Which brings us to the second theme of the week: kids. Not the little ones, but the grown-up kids on the brink of adulthood. Kids who are no longer cuddly balls of your projected fantasies and unrealistic expectations, but flawed, disappointing offspring, just starting down the road on what will surely be a lifelong journey of bad choices and regrets; in other words, children that remind you of you. Ashley tries to figure out how to move back into her parents’ house while continuing to be able to party, and succeeds in wheedling a late curfew from Jacqueline and Chris. Lauren is celebrated for finally mustering the energy to spend wads of money learning to be a birthday-party face-painter. Chris is told yet again that his nice personality makes up for his lack of intellect, drive, etc. None of them is ever asked to deal with the consequences of anything. The future of America looks bright indeed. Then, as we’re reflecting on what all of this means, we happen to catch a glimpse of a Watch What Happens! With Andy Cohen promo. Andy Cohen is Bravo’s head of creative programming, who, for reasons unknown, has created a show for himself in which he can get wasted on live TV. So maybe there is a future for Albie and Ashley and Lauren after all — a bright and lucrative future that involves no reading and encourages substance abuse and the exploitation of children!

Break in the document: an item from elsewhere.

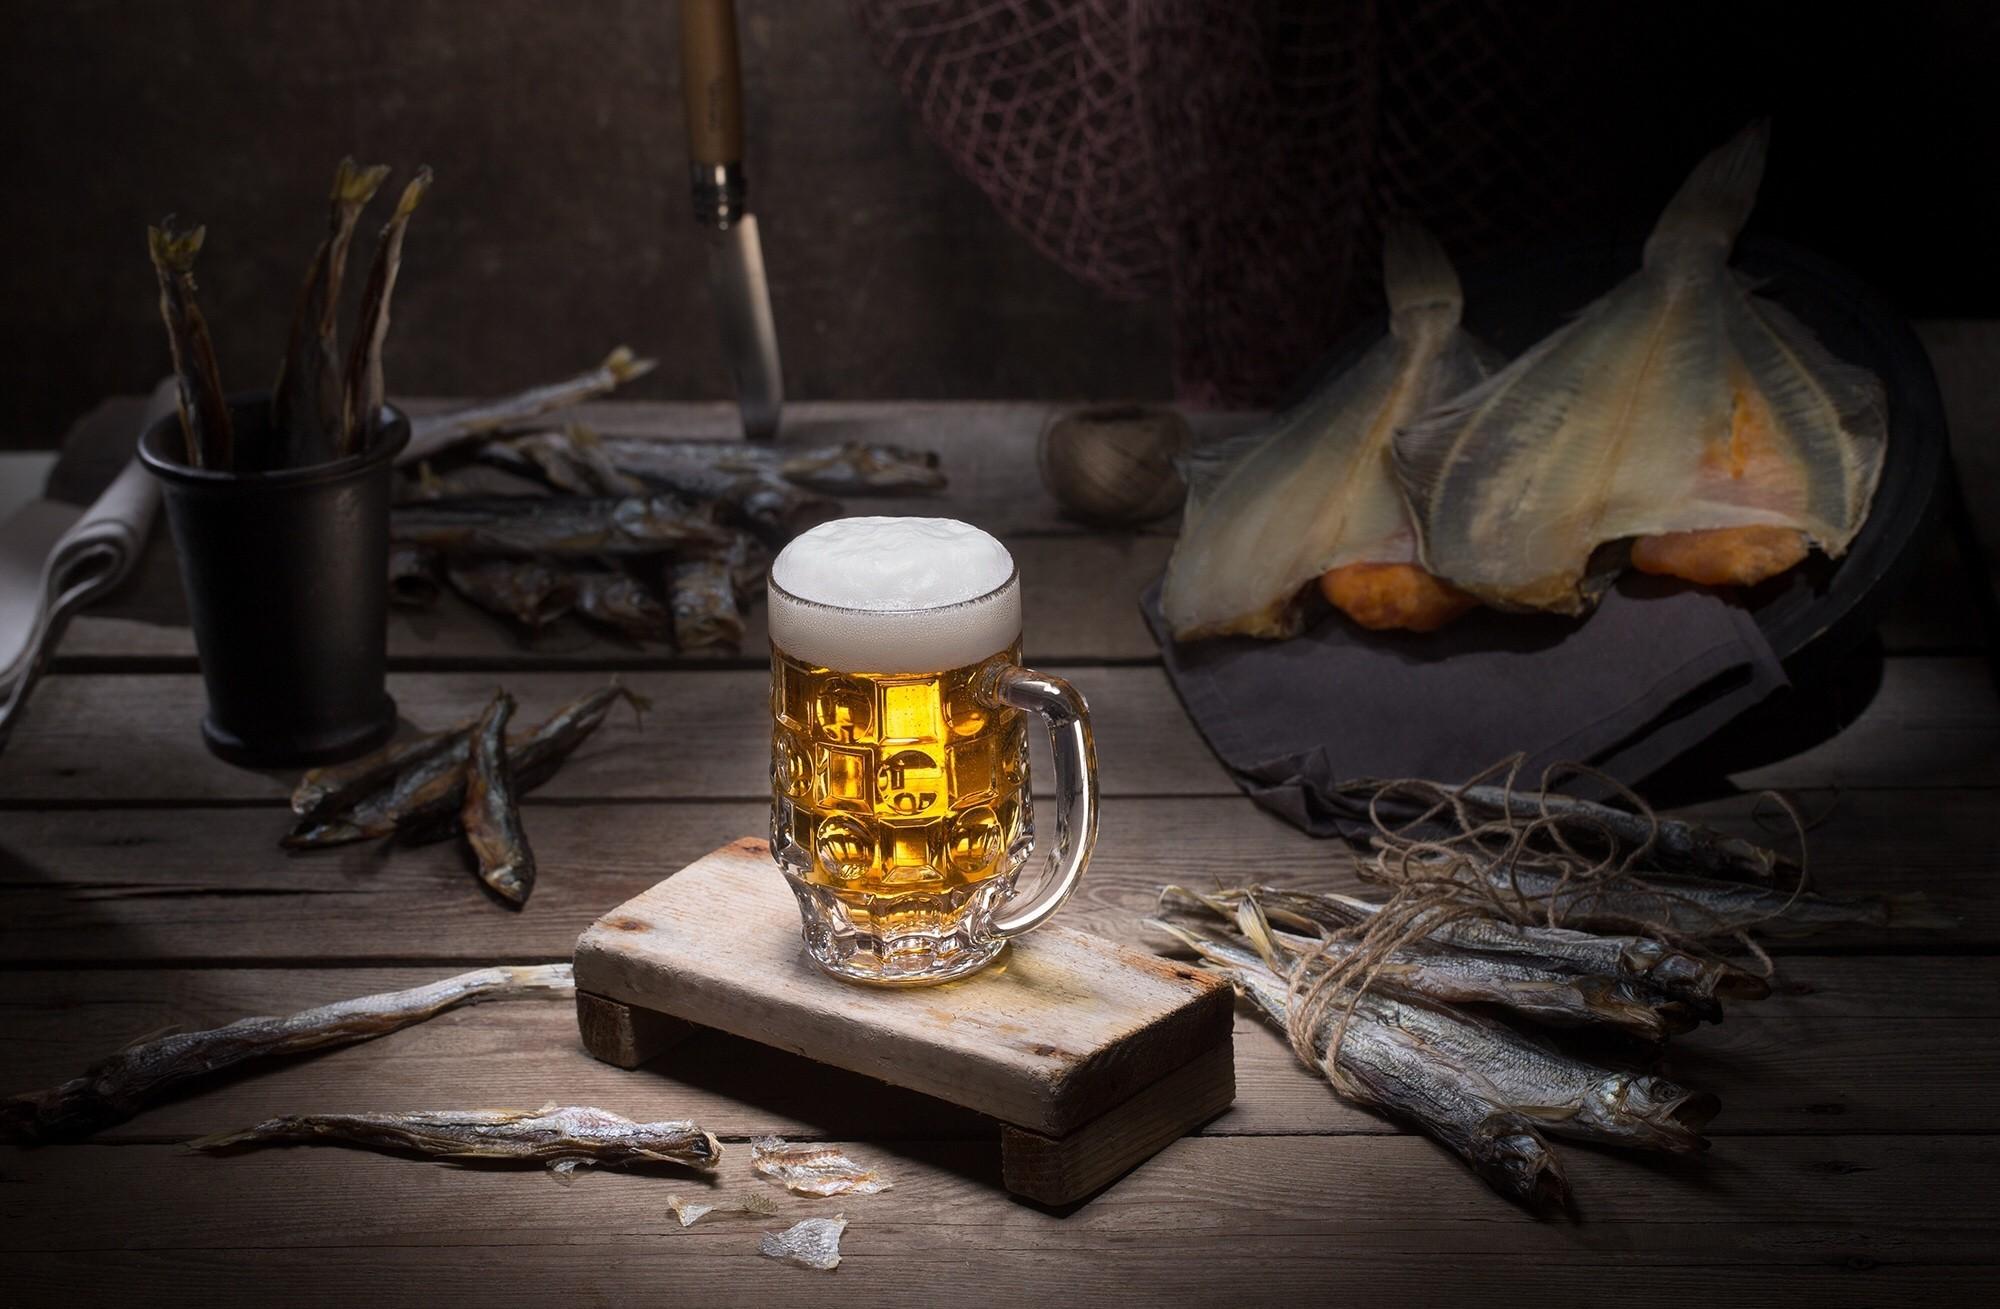 Wallpaper : gelas minum, bir, makanan, ikan, masih hidup

RHONJ is predicated on the idea that it’s fun to watch people who have never heard of the word “consequence” live stupid lives. But it’s boring. For a moment at the start of last night’s episode, as the remaining Housewives gathered around the lunch table, we thought we detected in Teresa’s eyes a hollowed-out, dead-inside look. But apparently she just needed a nap. She spends the episode organizing a housewarming party with a planner named Elvira, who puts her down for not having a pool or household help and encourages her to rent lots of gold furniture and turn her party into a Russian disco. Teresa hates Elvira from the start, but that doesn’t stop her from paying her and her “entourage” — elsewhere known as employees — to throw an over-the-top party for a few hundred of her closest frenemies and casual acquaintances. Both Kims, the Rosencrantz and Guildenstern to Danielle’s Claudius, are in attendance of course, dutifully sucking up and gathering intel for what we hope will be a final, fatal confrontation between Danielle and Caroline. Meanwhile, a drugged and dazed Danielle, her nuggets reconstituted yet again, is escorted home where her beautiful daughters (alas) await her, and she climbs into her coffin to sleep until nightfall.